Discussion
PDT is FDA approved treatment for actinic keratosis, and existing clinical research indicates that PDT may be effective in treating Bowen Disease, a type of primary cSCC.11,12 Previous laboratory research demonstrated that 5-ALA PDT significantly increases cell apoptosis in cSCC and fibroblast cells treated with the same parameters used in this protocol.18,27 The goal was to determine the genes and pathways altered in the residual population of ALA PDT treated cells that did not undergo apoptosis or other forms of cell death. RNA-Seq was performed using RNA from cSCC and fibroblast cells collected at 0-, 4-, and 24 hours following PDT. Statistical analysis did not identify any genes that were differentially expressed after correcting for multiple testing (FDR < 0.05).

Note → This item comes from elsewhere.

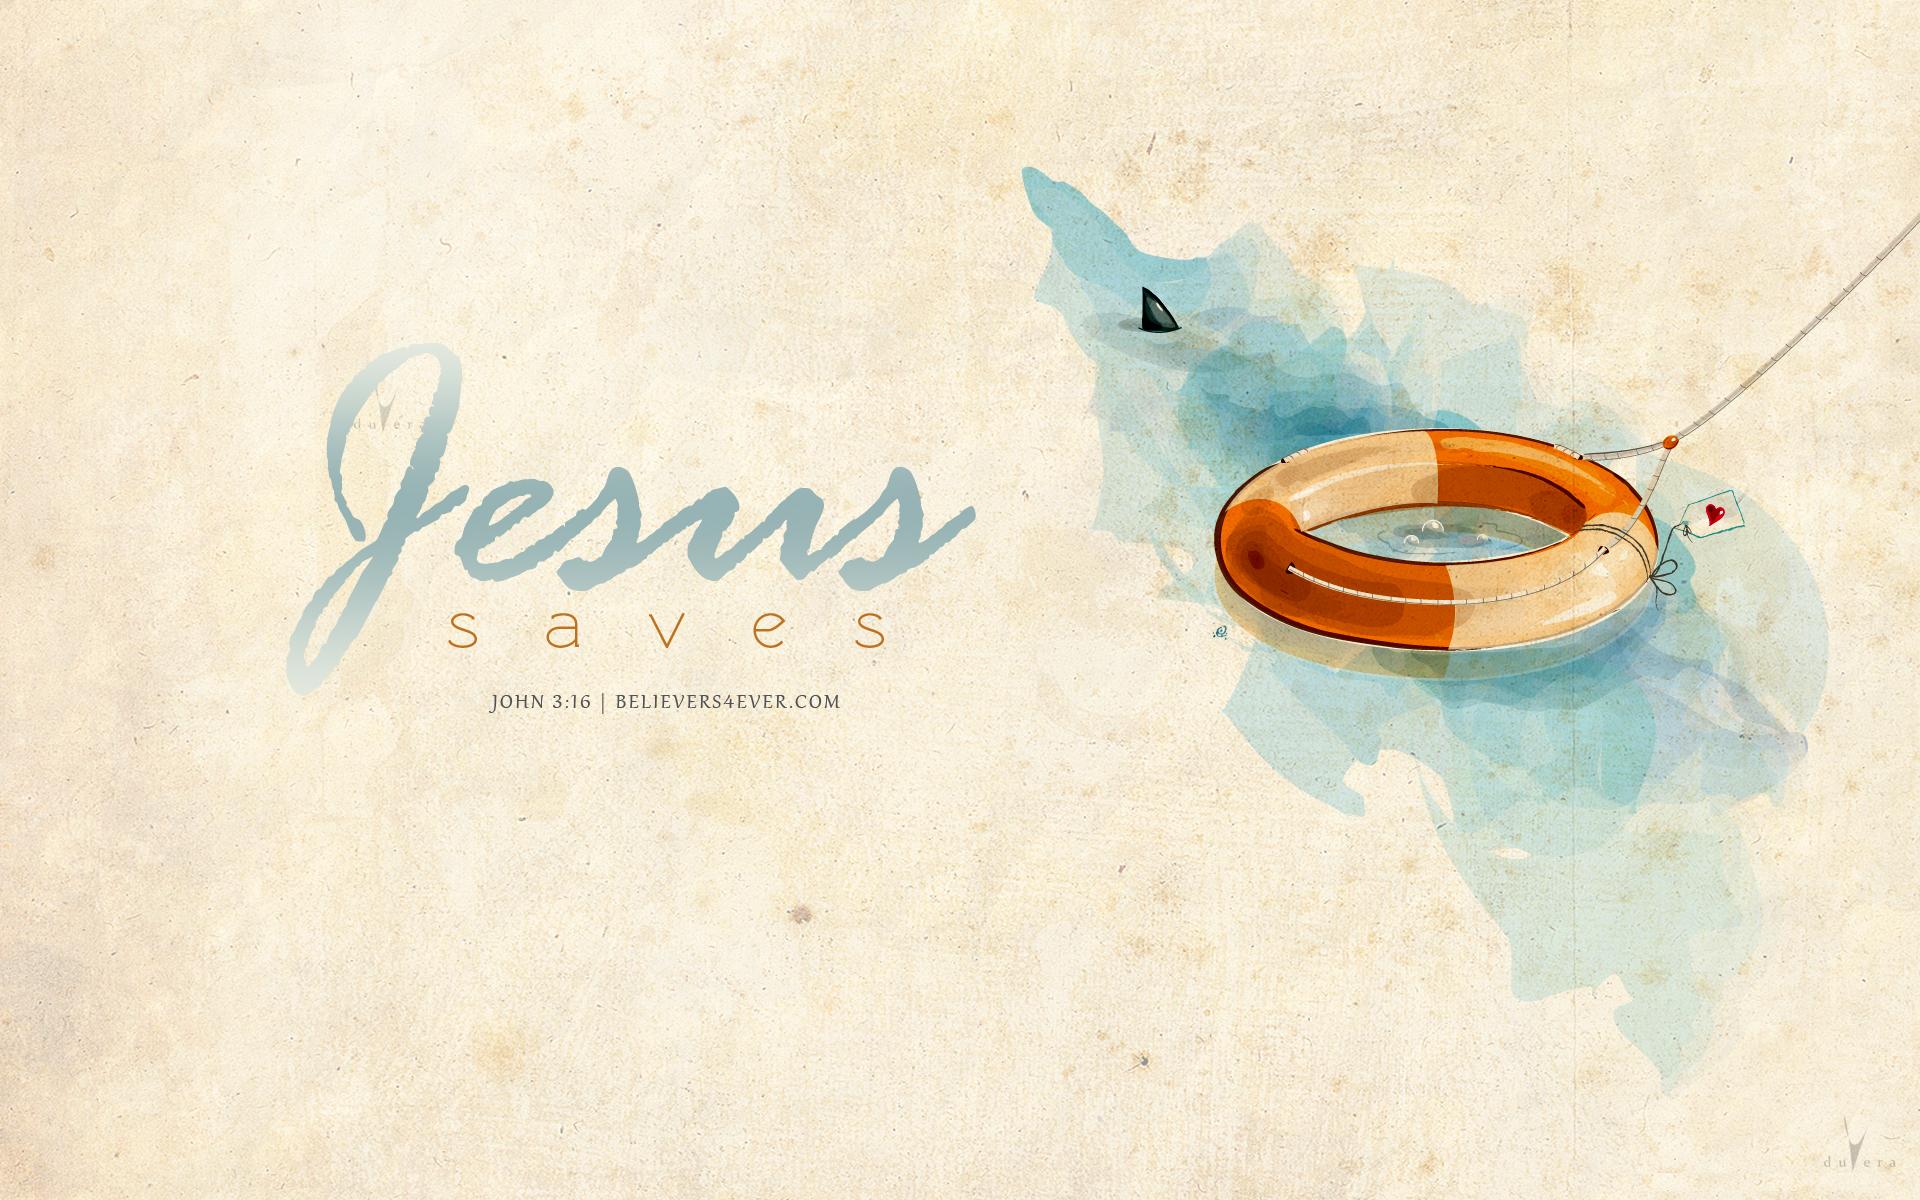 Jesus saves   Believers4evercom 1920x1200

Transcription factor and pathway analysis were compared with differentially expressed genes with a p-value < 0.05. Bioinformatic analysis identified key transcription factors and pathways related to cellular proliferation and cancer pathogenesis were downregulated.
The findings of this RNA-Seq experiment conform to previous microarray and transcriptomic studies using PDT on AKs and cSCCs. Joly et al. compared differential expression in cSCC lesional, perilesional, and unexposed skin in immunocompromised patients up to 18 weeks following MAL PDT treatment.19 MAL PDT downregulated cancer and cell proliferation genes, while extracellular matrix-associated genes were upregulated.19 MAL PDT downregulated genes associated with proliferation, such as cyclins and the Kinesin Family member (KIF) proteins, were similarly identified in our testing with a p <0.05. KIF proteins are involved with microtubule organization during mitosis and have been previously found to be associated with cancer.28-31 Knockdown of KIF22 inhibits tongue SCC proliferation and xenograft tumor growth.28 In laboratory studies, PDT treatment protocols decreased cSSC tumor proliferation and increased apoptosis and autophagy via regulation of MAPK protein, particularly AKT.20-22 Compared to the present study, autophagy was one of upregulated KEGG 2021 pathways with a p < 0.05, but FDR > 0.05.
Transcription factors associated with cancer proliferation and pathogenesis and known to be upregulated in cSCC, including E2F4 and FOXM1, were found in our study to be downregulated post ALA PDT.32-34 The E2F family of transcription factors bind to DNA and Rb and regulate the cell cycle.32 E2F4 is a transcriptional activator. Upregulation of E2F transcription factors has been linked to cancer progression in head and neck SCC.32 FOXM1 is an ultraviolet master regulator and is upregulated in cSCC.33,35,36 Inhibition of FOXM1 with thiostrepton and CRISPR depletion led to decreased cell viability and proliferation in cSCC.33,35,36
Limitations of this study include the lack of abundant commercially available cSCC cell lines at the onset of this study. Due to the inability to significantly identify differential expression of individual genes with an FDR <0.05, the pathway analysis may indicate that small changes in gene expression may result in changes in pathways. This could be addressed by increasing the number of cell lines tested, and could be performed in future experiments. For RNA-Seq, there is no consensus regarding the number of biological replicates with n ranging from 3 to 12.37 4 samples were used, but the cell types differed between normal (i.e., HDF) and cancerous (i.e., cSCC). In the future, it may be necessary to test additional biological replicates and specifically increase the number of cSCC cell lines. Historically, there were a limited number of commercially available cSCC cell lines. However, multiple cSCC from transplant/immunocompromised and immunocompetent donors have recently become available. Several other potential explanations may explain why the PDT treatment did not result in significant differential expression after multiple testing, including dose response and genetic heterogeneity among the cell types. The PCA and heatmaps in Figure 1A demonstrate clustering among the two fibroblast cell lines, AG13145 and CRL-2617, and heterogeneity between the cSCC cell lines, SCC-13 and A431. Additionally, there were greater differences between samples than between treatment and control (Figure 1B), indicating that small, but potentially meaningful changes occur in the individual cell lines post ALA PDT.
In conclusion, RNA-Seq analysis of cSCC and HDF differential expression after ALA PDT did not identify any significant genes after correcting for multiple testing. However, pathways associated with proliferation and carcinogenesis were downregulated. These findings using ALA PDT are similar to previously published studies using MAL PDT that indicate that residual cells post PDT undergo changes consistent with a less aggressive cancerous phenotype.19,20 Additional laboratory and clinical studies need to be performed to confirm the efficacy of ALA PDT for cSCC.